This piece is taken from Classic Camera Magazine
number 22, and is provided to try to demonstrate the style of the magazine.
Note that the magazine article is illustrated, but in order to keep download
times to a minimum, I have omitted the illustrations from this version.
All back issues of Classic Camera Magazine are available;
see the main Classic Camera Magazine page for
The Pullin Optical Co. Ltd., of Phoenix Works, Great West Road, Brentford, were involved in the immediate post-war period with the development and production of a number of photographic and related products, which were unusual and often innovative in design, and manufactured to high standards of engineering and finish. Besides the rangefinder, the company made a neat little selenium exposure meter, professional-standard slide projectors and lenses and an excellent 35 mm. emlarger.
In the 1950s, even a modest amateur camera cost the equivalent of the average weekly income; the perceived desirable feature of a coupled rangefinder was completely out of the reach of the majority. The 'second-best' option was to acquire a separate rangefinder, and a large number of different makes and designs was available.
The Pullin instrument is of a unique design. Not only does it accurately measure distances between 2 feet and infinity, but in addition an ingenious system is provided to indicate the depth of field for lenses of two inch, three inch and four-and-a half- inch focal lengths. Whilst the Pullin rangefinder is comparatively large, when compared with most other designs of camera rangefinder (and quite unsuitable for 'on-camera' mounting), it is easy to read, and is of robust construction, capable of withstanding abnormal shocks without losing accuracy.
What is unusual about the Pullin rangefinder is the absence of silvered or semi-silvered mirrors. There is a tendency for these items to deteriorate with age, resulting in a loss of clarity and brightness when viewing. In the Pullin, two fixed prisms are used. These are held in position by spring-loaded mountings, which provide the resistance to shock damage. The adjustment for distance is provided by a movable wedge in the form of a pair of lenses mounted in front of the right-hand prism, and connected to the reading scale. It is claimed that this system gave four times greater accuracy than the conventional 'movving mirror' system used on most other rangefinders.
The actual view provides a combination of 'split-field' and 'coincident image' types. The field is divided into three horizontal zones, and the upper and lower zones give a 'split-field' view; the central zone overlaps the images, giving a 'coincident image'. The view is adjusted until the three images coincide, and the distance is then read from the scale.

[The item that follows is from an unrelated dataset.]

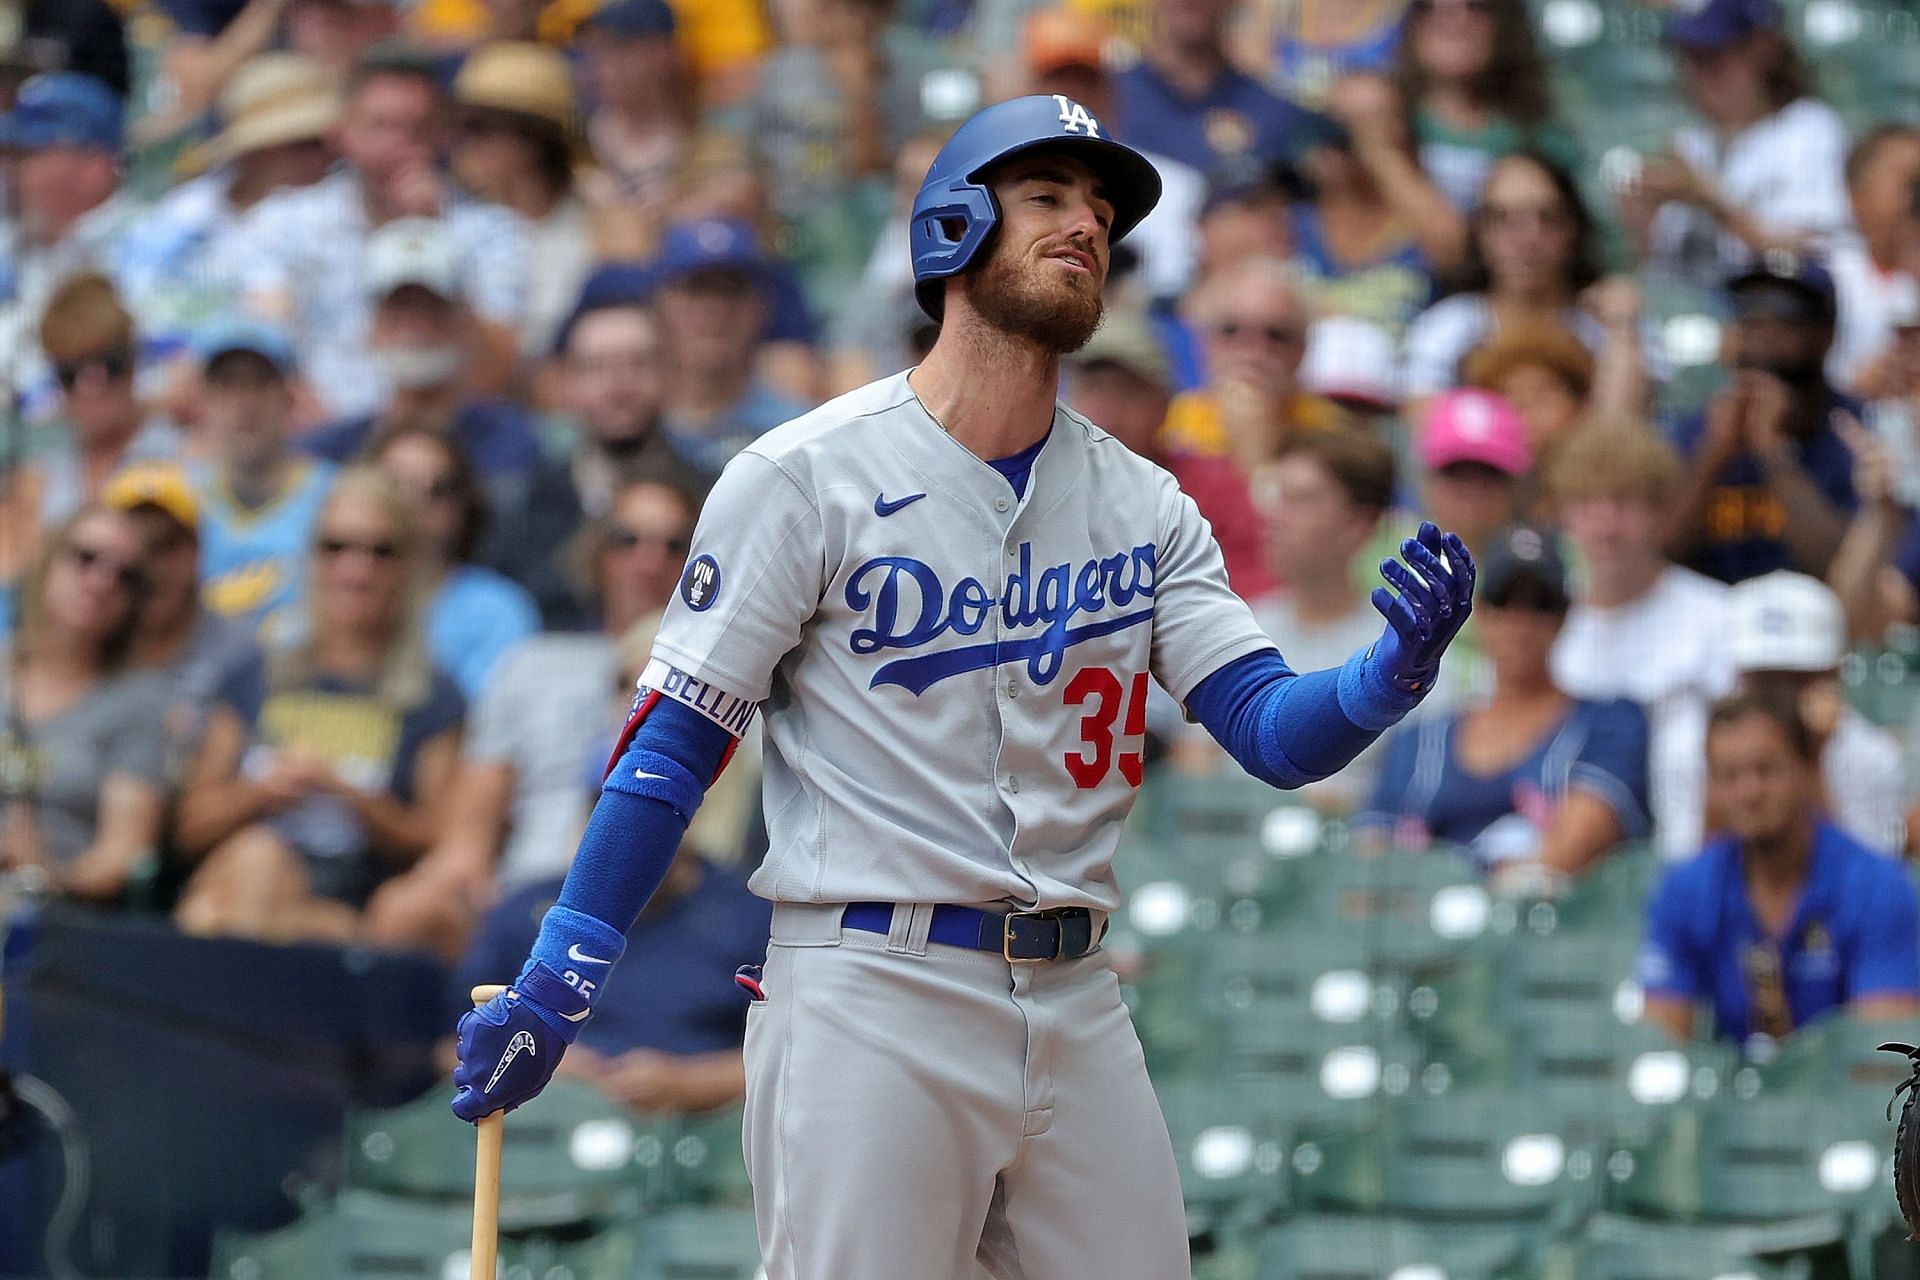 Dodgers: Cody Bellinger Posts a Farewell to LA, Fans on Social Media

Adjacent to the distance scale, is the depth of field scale (described in the instruction book incorrectly as 'depth of focus'). This follows the common pattern used around camera lenses, where a central position indicates the actual focus setting, and the depth of field scale shows the area of reasonably sharp focus at apertures from f/3.5 to f/16 on the scales for three inch and four-and-a half- inch lenses, or from f/3.5 to f/11 on the scale for two inch lenses.
The depth of field scales are selected by pulling out the spring-loaded milled knob adjacent to the viewing window, and turning it in either direction until the required scale comes into view.
The Pullin rangefinder is nicely finished in black, with a satin-chromed top plate. It originally arrived in a cardboard box with a comprehensive instruction and explanatory leaflet. The price in 1951 was £4 17s. 6d. and a leather case was offered at 5s. extra.